Following the concerns raised in the parliamentary committees and the Cabinet about timely completion of the Kathmandu-Tarai Fast Track, Prime Minister KP Sharma Oli has held discussions with the line ministry and other related ministries.

PM Oli sought details about the progress of the much-hyped 76.2-kilometre-long fast track in a discussion held on Monday with Deputy Prime Minister and Minister for Defence Ishwor Pokharel, Minister for Finance Yubaraj Khatiwada, Minister for Physical Infrastructure and Transport Raghubir Mahaseth, Nepali Army Chief Purna Chandra Thapa and other officials related to the project.

Brigadier General Bigyan Dev Pandey, who is also the spokesperson for NA, informed that NA’s project officials briefed the present condition of the project and assured timely completion of the project during the Monday’s meeting.

However, PM Oli expressed strong reservations against the estimated cost of the project as determined by the detailed project report (DPR).

The NA had awarded the contract to prepare the DPR to a South Korean firm, Soosung Engineering and Consulting, on October 2 last year at a cost of Rs 101.2 million.

However, after getting the DPR from Korean Firm, NA has suggested to change some of the alignments in Khokana and Bungamati of Lalitpur following complaints from the locals.

One NA source informed that the project is estimated to cost nearly Rs 180 billion.

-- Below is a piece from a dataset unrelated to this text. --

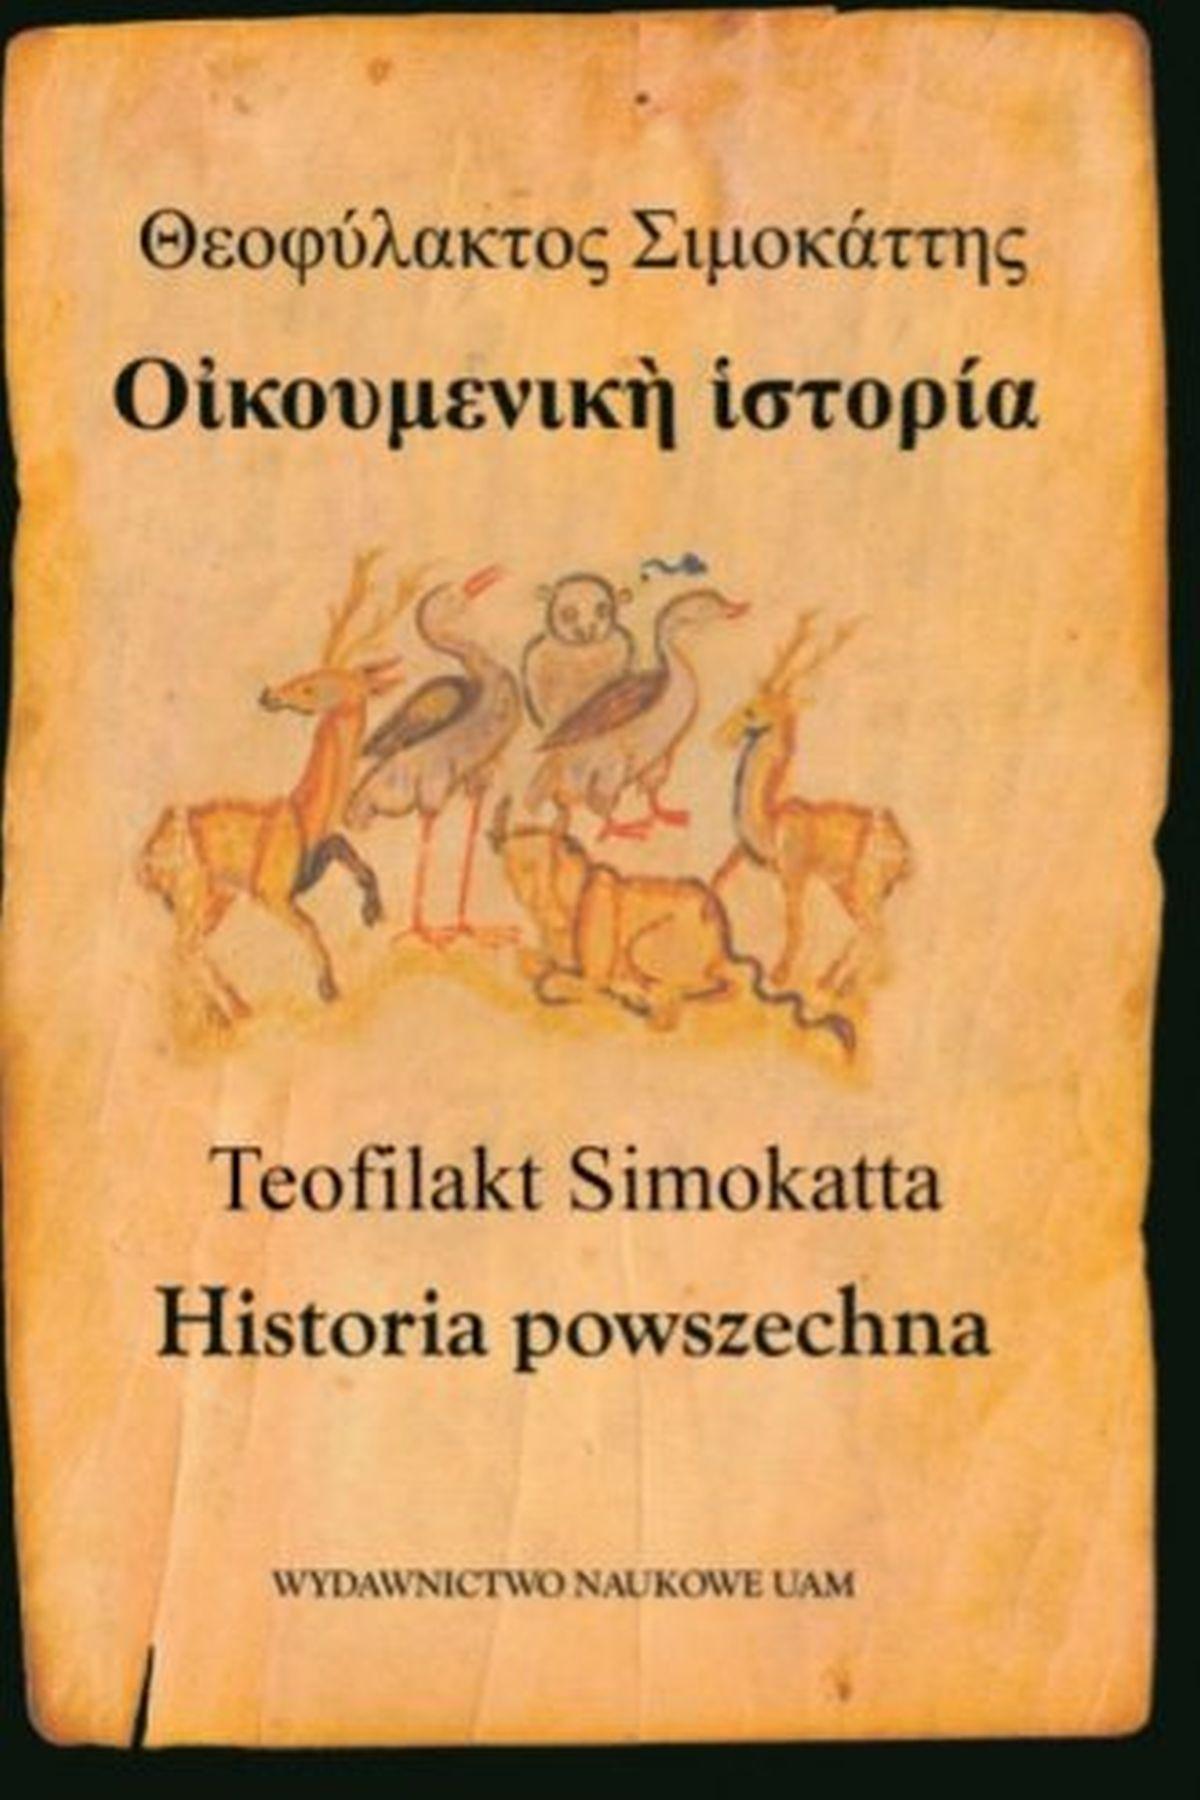 Teofilakt Simokatta. Historia powszechna

“During the meeting, PM Oli and Finance Minister Khatiwada asked why the projected cost had gone up compared to the previous DPR estimate and urged NA to find ways to minimise the cost,” the NA official told The Himalayan Times seeking anonymity due to sensitivity of the matter.

Earlier, the government had handed over the task of conducting DPR to an Indian firm, Infrastructure Leasing & Financial Services (IL- &FS). The IL&FS had completed the DPR study in 2015 and suggested that the project could be completed at Rs 112 billion. The contract with IL&FS was scrapped in 2016 and it was announced that Nepal would build the project on its own.

The defence ministry has tabled the revised DPR of the fast track project to the Cabinet, but the latter has not approved it yet.

As per the NA official, the meeting has formed a committee comprising officials from Ministry of Physical Infrastructure and Transport and NA to look into how the project cost could be brought down.

The meeting has also directed the NA to categorise the work that will be carried out by the NA, domestic contractors and foreign contractors.

NA has been assigned the full responsibility to carry out the fast track project, which it has segregated into three segments. Out of the 76.2-kilometre-long expressway, NA initially plans to construct 17 km on its own, hire dependable Nepali contractors for 37 km of the stretch and sign up foreign contractors for remaining 22.2 km section, which will include tunnels and bridges.

A version of this article appears in print on July 11, 2019 of The Himalayan Times.